I’m frustrated because I see it so clearly.  Here’s what’s wrong with things.  Of course, there’s some things I’m not quite so certain about, but there are some things that I’m pretty certain about.  If people would listen to me on those things, the world would be better.  Full stop.  For example, I have a few “social justice” posts on this site where I speak pretty strongly against a lot of the ignorance that people seem to be exhibiting on a daily basis.  I don’t make these posts out of rancor, I make these posts because I can’t stand to see how broken things are, and I want to fix it, and I can’t understand why other people have no interest in actually fixing the problems.  Oh, sure, some people think they are, but it’s pretty clear they’re just making it worse, by doing exactly the opposite of what I’d advise, and still, they just persist on their broken course.

When I was a child, we had some neighbors, named Al and Loretta.  They were an older couple who lived next door to us, and kept mostly to themselves.  Al liked to tinker around in his shed at the back of his backyard.  Next door there was a cat-lady named Tessy.  Her house was rancid and horrible, with rats, cats allowed to poop everywhere, she was just a terrible neighbor.  She was old, and probably just couldn’t handle living on her own anymore.

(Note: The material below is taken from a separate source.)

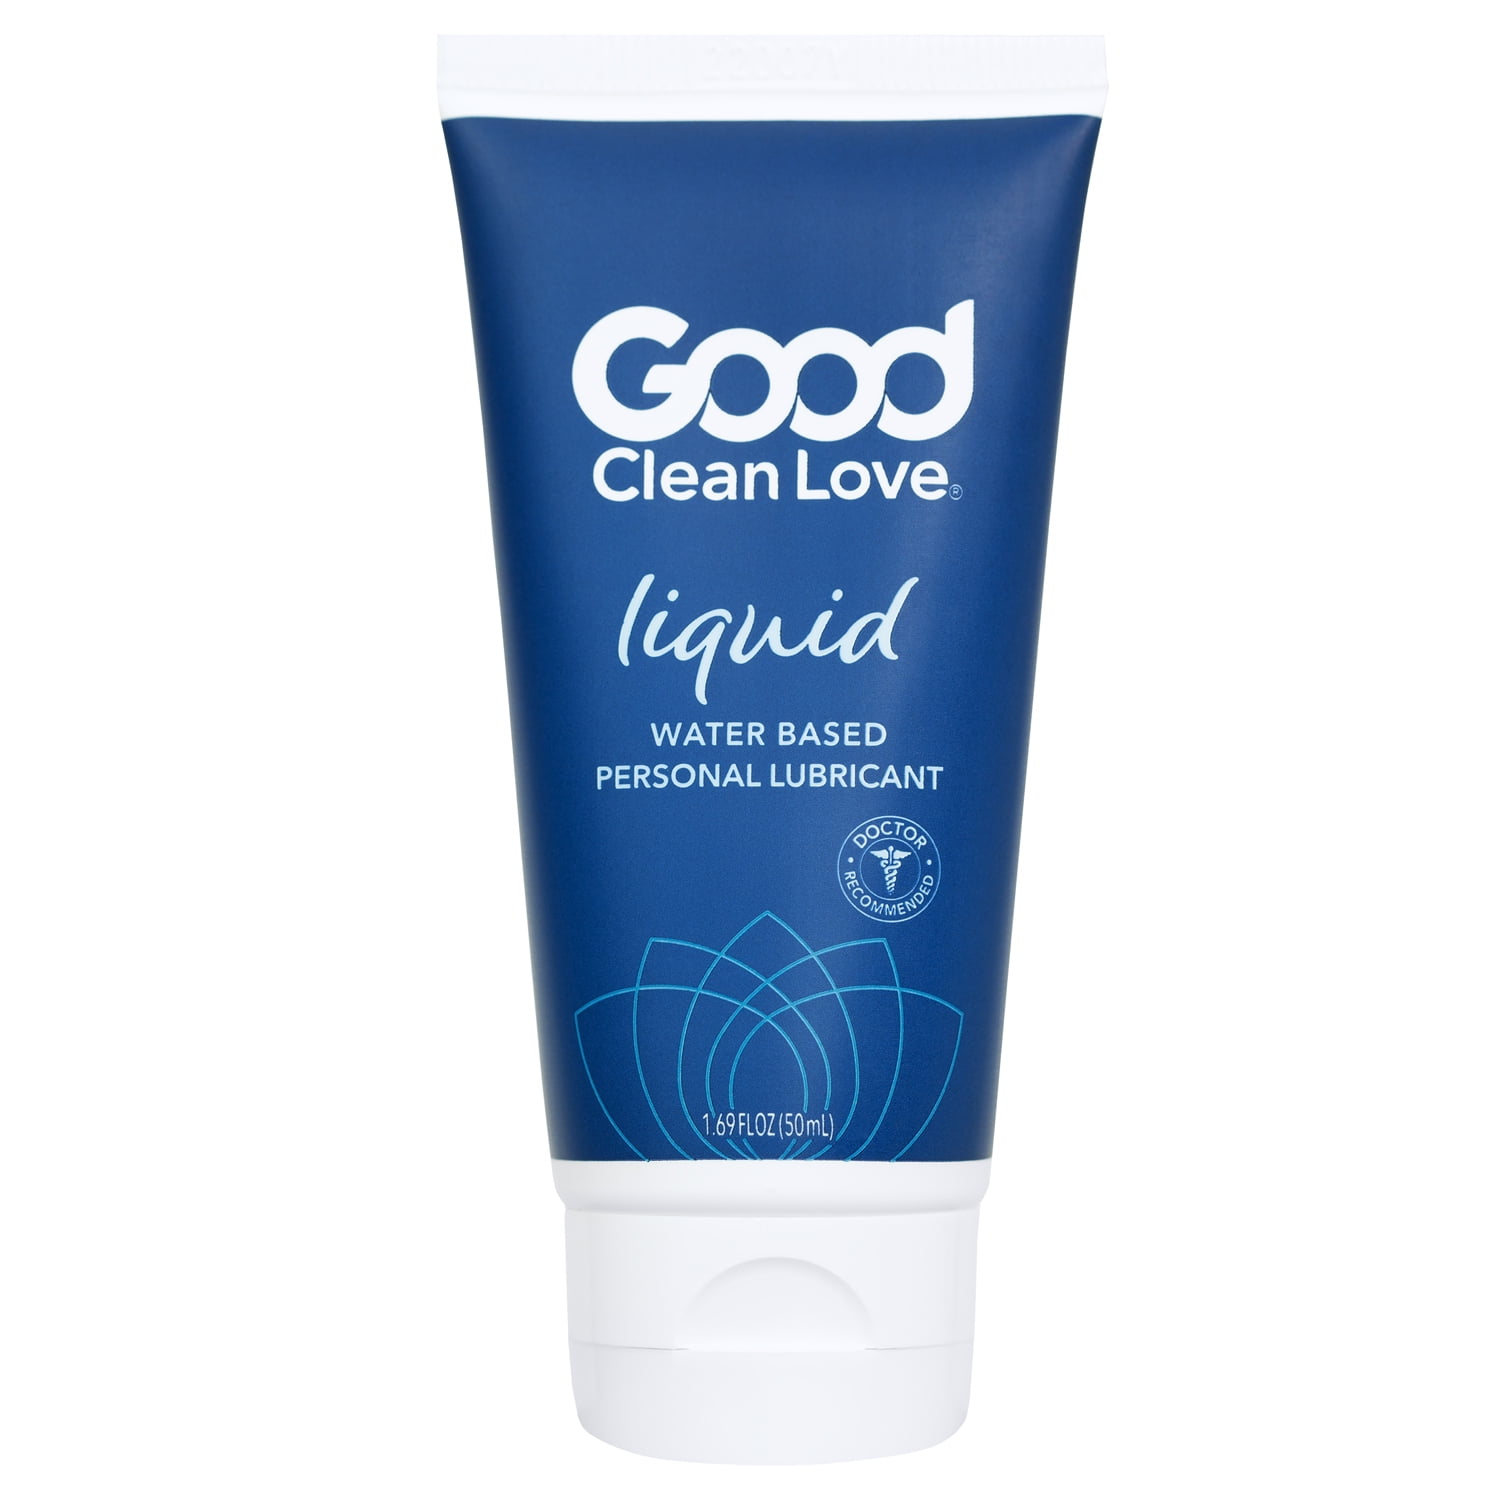 Good Clean Love Liquid Personal Lubricant, Water-Based Lube with Hyaluronic Acid, Sexual Wellness Gel for Men and Women, 1.69 Oz image

One day the city came and tore the house down.  While they were doing that, I, being somewhere around 5 or 6 years old, went outside and tried to help with refreshments for the firemen, etc., who were supervising the demolition.  Loretta snapped at me, hard.  I was confused, and I think started crying, as a 5 or 6 year old would do when being snapped at by an old lady.  She explained to my mother that she hates kids, that hers was an accident (lovely), and while she apologized, I never trusted them again.  Eventually they moved to Florida or something.  But that is what the world does to people who want to help, to make things better.  It’s never appreciated, never wanted, never welcome.  People get defensive, or take it as an attack, or think the worst of your motivations.

And then there are the things that you can’t fix at all.  I hate entropy.  I hate it with a passion.  I hate entropy, and death, and age, and everything that comes with it, and I don’t understand at all how anyone can possibly be ok with this.  I don’t get it.  It’s a completely foreign concept to me.  I want to fix it, and I can’t.  I can’t even make a dent in it, I can’t make it even the slightest bit better. no matter what I do to slow it everything is still going to die.  I feel that, stronger than anything else.  I want to make things better, I want to fix things, I want to solve the problem, but there’s no solution.  I am frustrated and depressed because for the problems I know how to solve, no one cares, and for the problems I don’t know how to solve, I’m trapped in this hostage situation we call life.

The thing that I need to do on this earth more than anything else, I am completely and utterly incapable of doing in any way whatsoever.  Not just any meaningful way, but in any way.  And in all of the lesser ways, no one listens to me enough for me to make a difference.  About all I can do is try to live my life in as productive a way as possible, and let the world die, as it’s going to anyway.

But God, this hurts.  I can’t describe how much it actually hurts.  No one seems to understand this, I don’t have words for it.  Everything’s dying, everything’s dead, and there’s shit-all we can do about it.  Why do people think this is acceptable?